#### Directions for this task
One part of the entries below is wanted: the lines from the one containing "bokser hond rennen" through the one containing "Western Digital 1TB". Write those out exactly and nothing else.
[[ Data section open ]]
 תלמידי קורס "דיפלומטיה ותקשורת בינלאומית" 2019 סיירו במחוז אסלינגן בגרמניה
[[ Data section closed ]]
[[ Data section open ]]
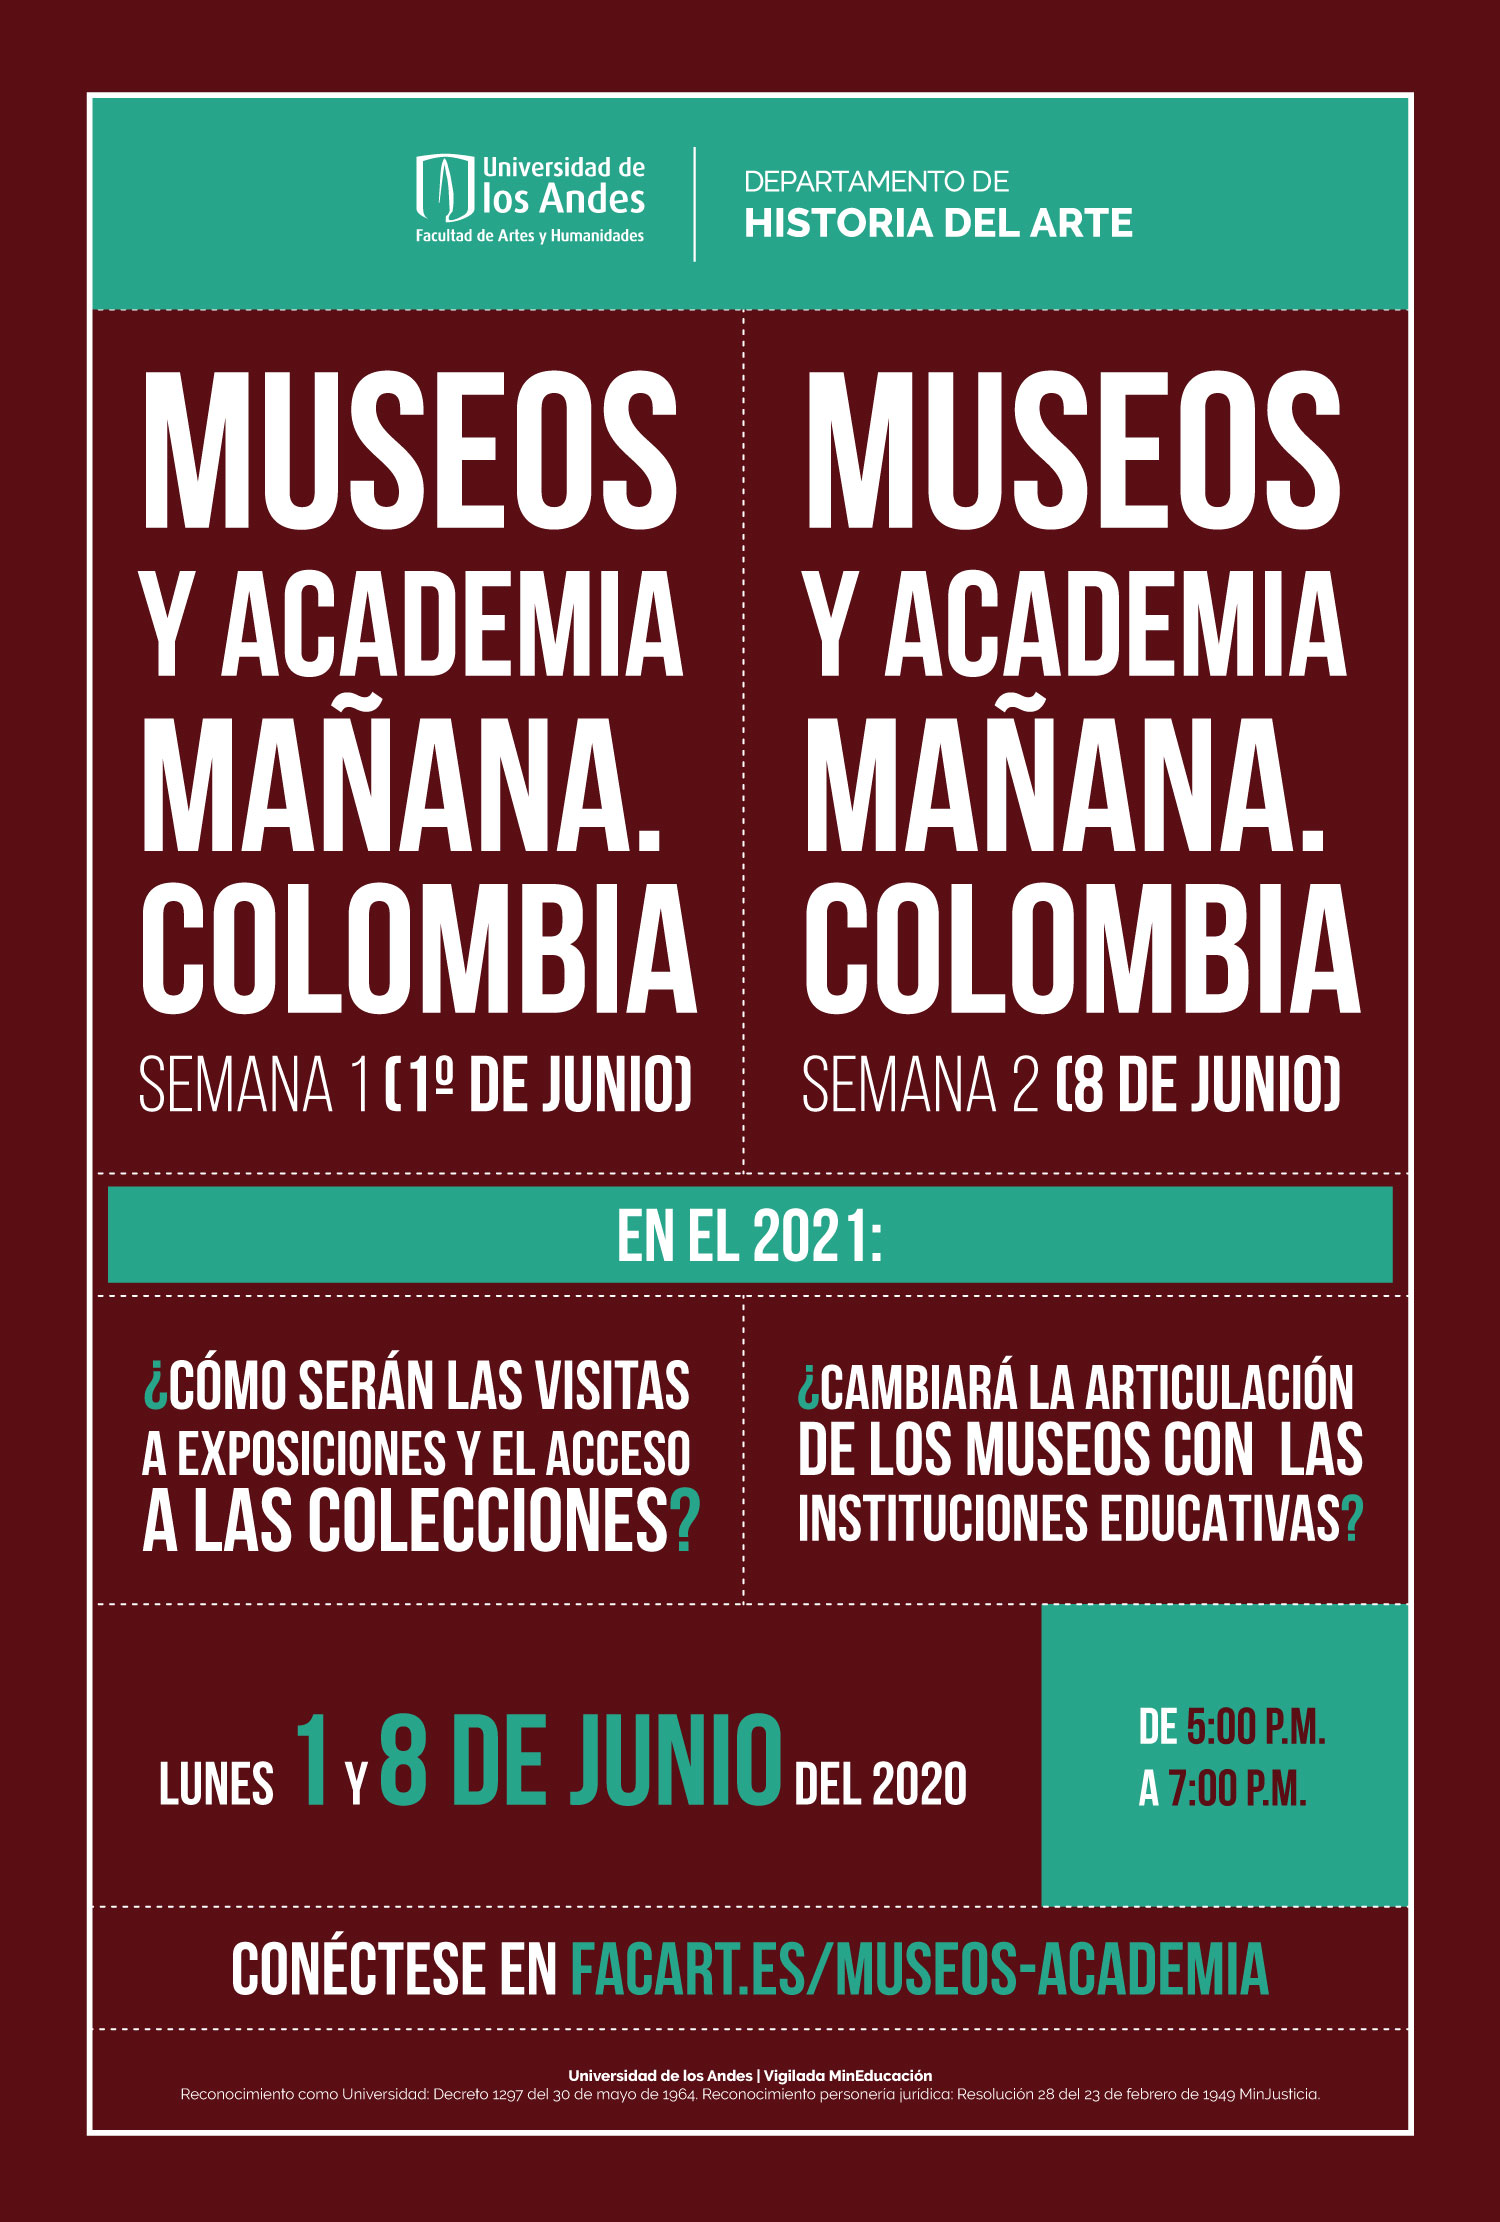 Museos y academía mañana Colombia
[[ Data section closed ]]
[[ Data section open ]]
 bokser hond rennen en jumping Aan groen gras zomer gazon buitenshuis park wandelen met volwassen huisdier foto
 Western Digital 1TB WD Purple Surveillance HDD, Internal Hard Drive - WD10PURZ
[[ Data section closed ]]
#### Task response
 bokser hond rennen en jumping Aan groen gras zomer gazon buitenshuis park wandelen met volwassen huisdier foto
 Western Digital 1TB WD Purple Surveillance HDD, Internal Hard Drive - WD10PURZ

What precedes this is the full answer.